Home of Jim Williams of "Midnight" fame
429 Bull Street
Monterey Square (west)
Although the Mercer-Williams House was cited as "nationally significant" for its architectural style in a historic foundation survey, this lovely home is perhaps best known for its connection to the "Midnight in the Garden of Good and Evil." The elegant Italianate mansion was the home of Jim Williams and the site of the killing of Danny Hansford in May of 1981. Designed by the New York architect, John Norris, the red brick home with tall arched windows and ornate ironwork balconies is considered one of the most beautiful in all Savannah. The house is filled with 18th century portraits and beautiful antique furnishings from Jim William's private collection.
Although built for Civil War General Hugh W. Mercer, great grandfather of songwriter and lyricist Johnny Mercer, the house would never be home to any of the Mercer family. Construction began in 1860 but completion was delayed due to the outbreak of the Civil War. It was not complete until 1869. It is said that Union soldiers used materials from the construction to build shelters in Monterey Square during their occupation. After the war, General Mercer was tried for the murder of two army deserters. He was eventually acquitted and released from jail, but decided to sell the home to John Wilder, who completed the construction.

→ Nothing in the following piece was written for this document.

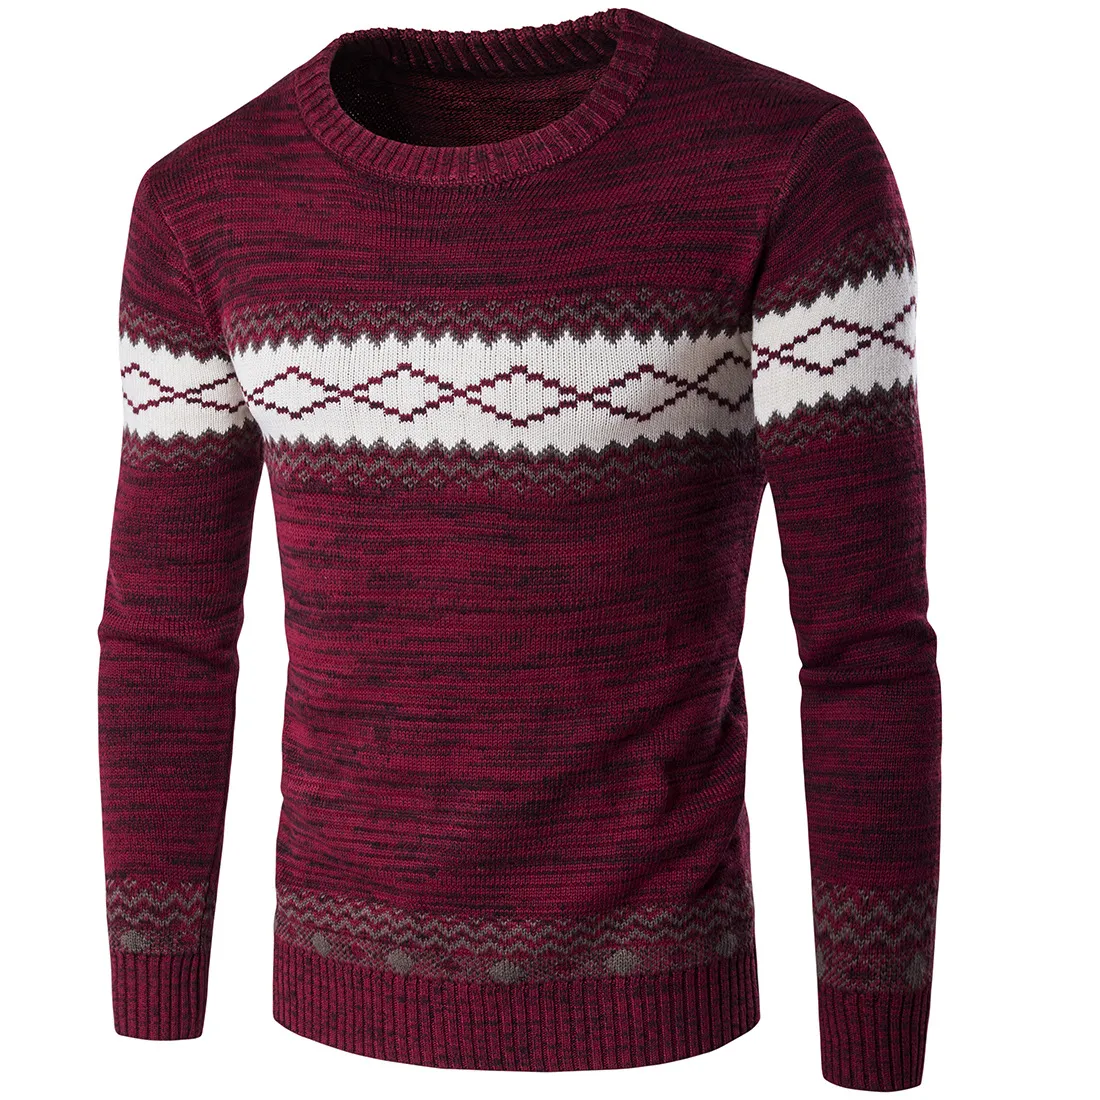 England Stil Winter Männer Weihnachten Pullover Männliche Muster Designer Pullover Jumper Slim Fit O-ansatz Pullover männer Sweatershirts
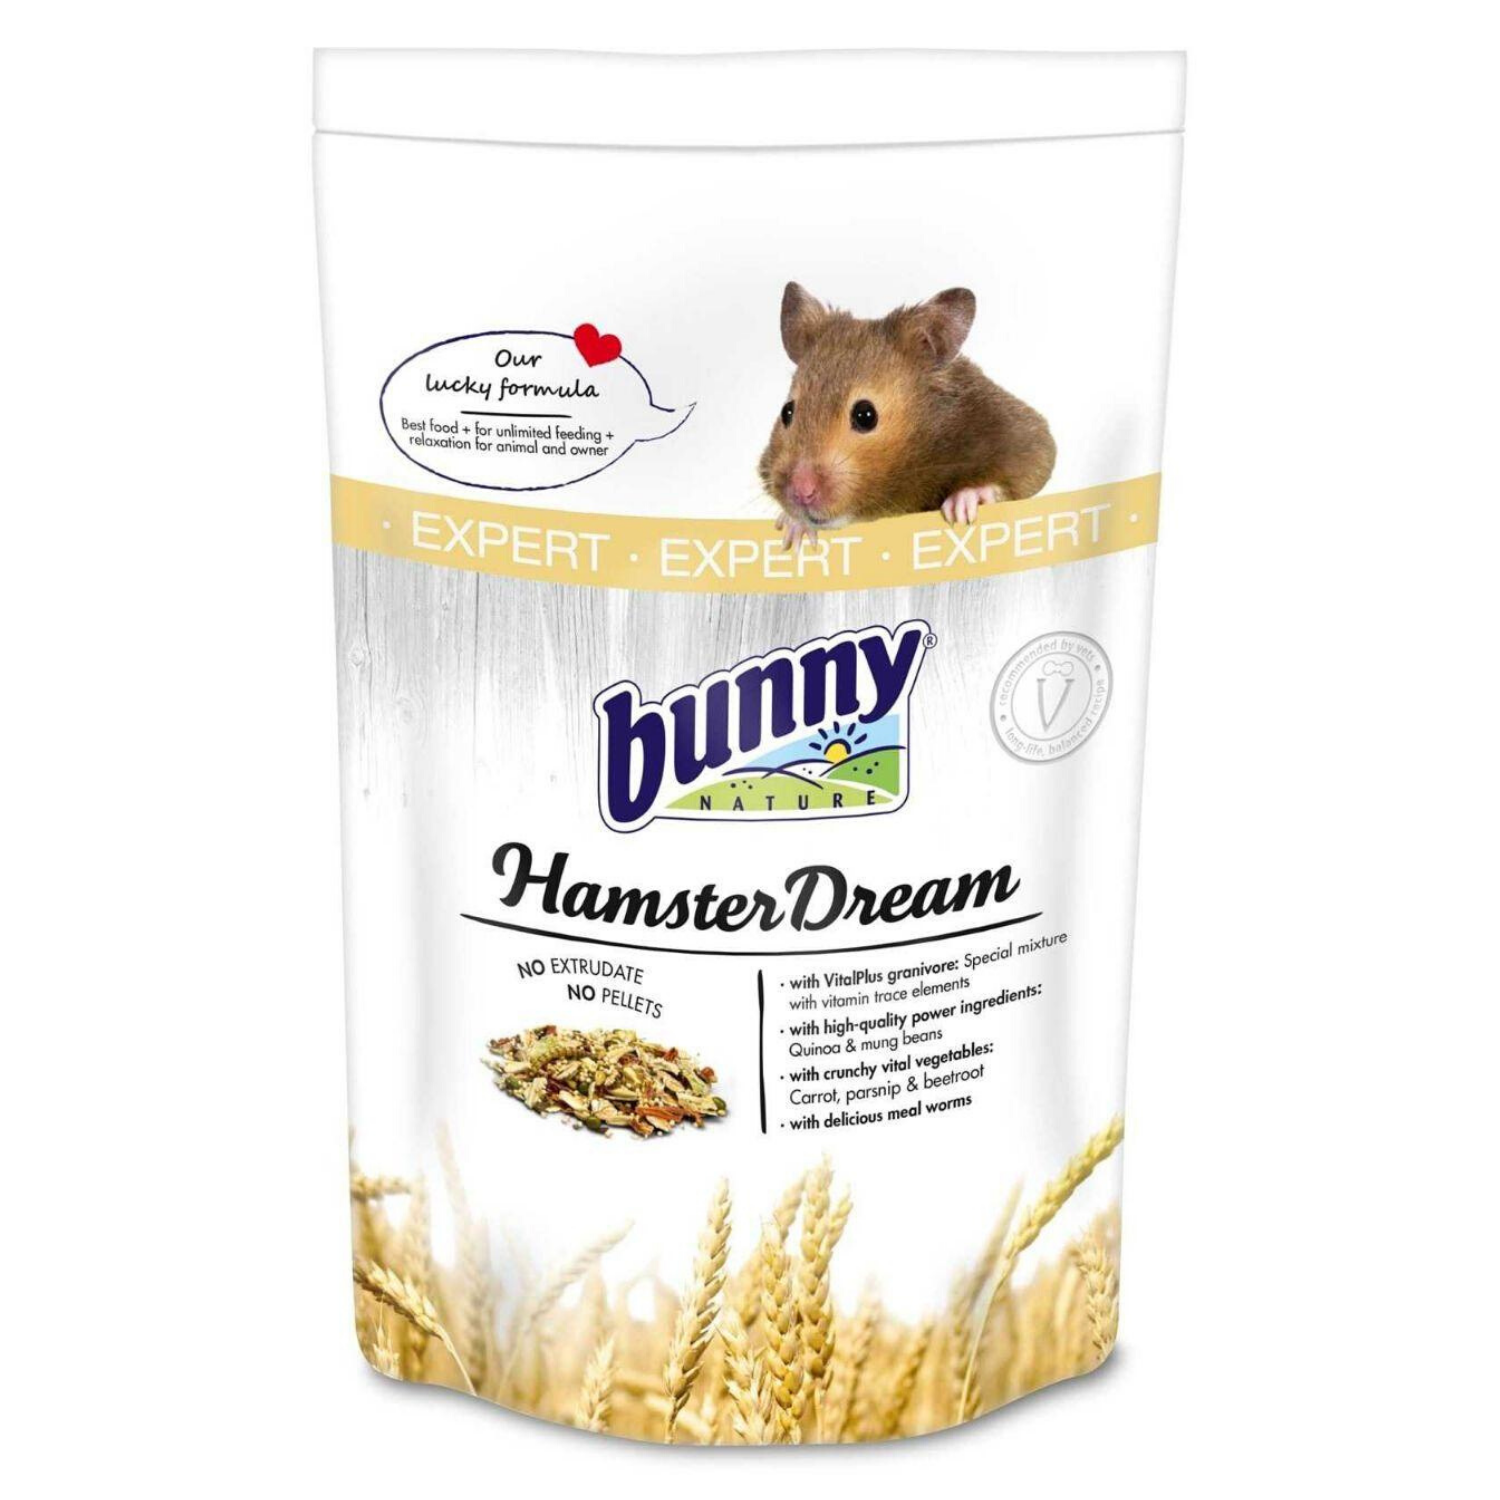 Bunny Nature Hamster Dream Expert - 500g / 3.2kg

Jim Williams bought the house in 1969 and began a 2-year renovation of the run-down property. This was one of fifty homes that Williams would be credited with saving and restoring. Accused of shooting Danny Hansford in the study of the Mercer House, Jim Williams was found not guilty of the murder after his fourth murder trial, but his victory would be short-lived. Williams died of pneumonia only six months later at the age of 59. Jim's sister currently owns the property and has turned the magnificent Mercer-William House into a museum with daily-guided tours.